Yameen has argued that two helicopters India earlier gifted the Maldives to use for sea rescue operations, weather surveillance and airlifting patients between islands were part of a secret attempt to set up a naval base in Addu – a claim Delhi denies.
“The agreements signed between Male and New Delhi on the stay and use of these helicopters were shown belatedly to ruling party MPs about six to eight months ago to reassure them that they are only for humanitarian purposes,” said the Observer Research Foundation’s Moorthy. “Since then, no one has raised this issue except Yameen.”Accusing India of interfering in domestic matters and setting up a military presence is a good way of targeting Solih and portraying him as a traitorDr Gulbin Sultana, research analyst
Yameen continues to claim that India has malign intentions and has repeatedly hit out at Solih for allegedly harming the Maldives’ national interest by wanting close relations. His anti-India campaign has been amplified by one Shifxan Ahmed, co-founder of Maldivian online news portal Dhiyares, who said in an interview with The Indian Express newspaper that the movement was “issue-based”.

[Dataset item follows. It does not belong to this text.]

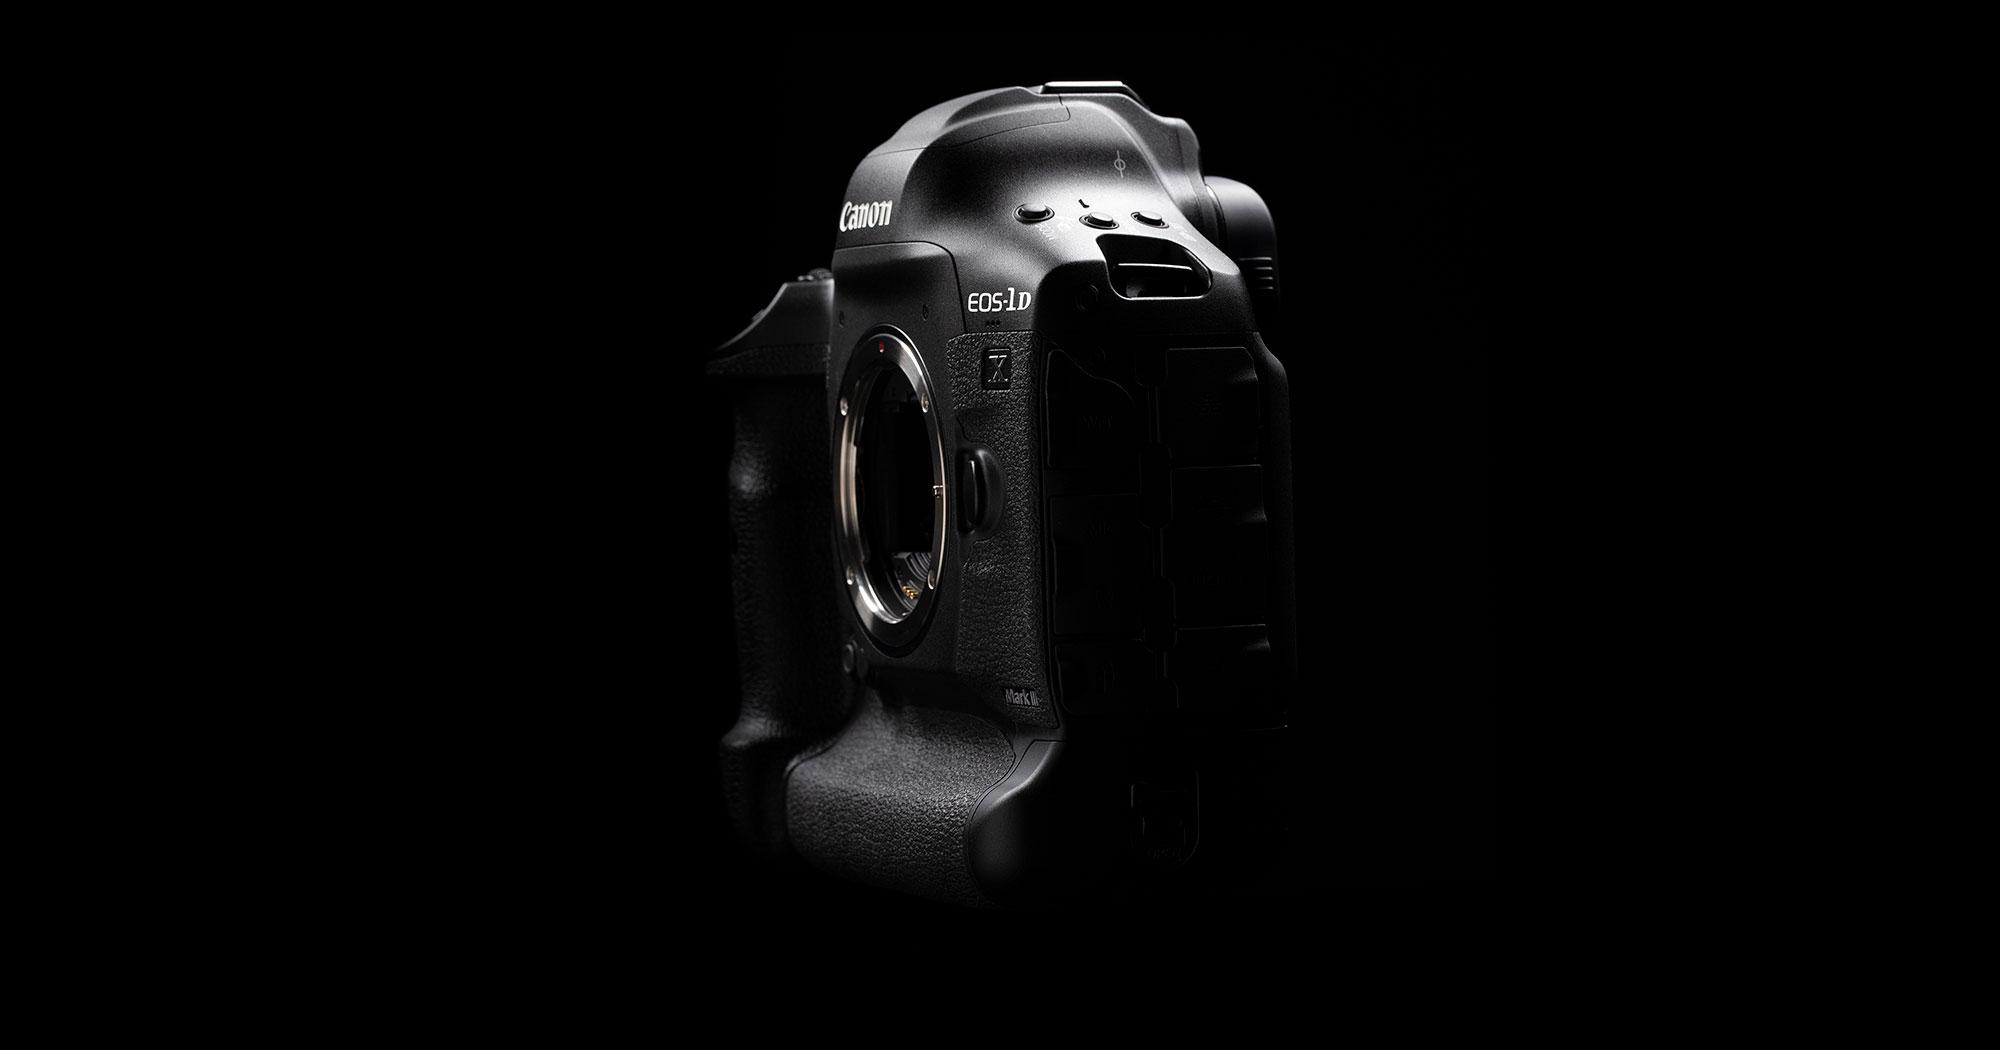 Canon 1DX III announced

“We are not calling for a violent clash against India or Indians in Maldives. This ‘India Out’ campaign is not about people-to-people relations,” Ahmed was cited as saying. “We want Indians to feel safe in our country. So if there are people who use violent threats using the ‘India Out’ hashtags, we condemn those posts. We are about peacefully expressing our concerns.”
Further complicating the picture is Indian’s plan to open a new consulate in Addu – a move Delhi says is aimed at making it easier for the atoll’s residents to apply for visas, but which Yameen claims is the first step on a slippery slope to an Indian military base.
Dr Gulbin Sultana, a research analyst at the Manohar Parrikar Institute for Defence Studies and Analyses in Delhi, said the Maldives’ India Out campaign was likely to continue.
“Yameen’s party wants to mobilise people against Solih and accusing India of interfering in domestic matters and setting up a military presence is a good way of targeting Solih and portraying him as a traitor to the national interest,” she said.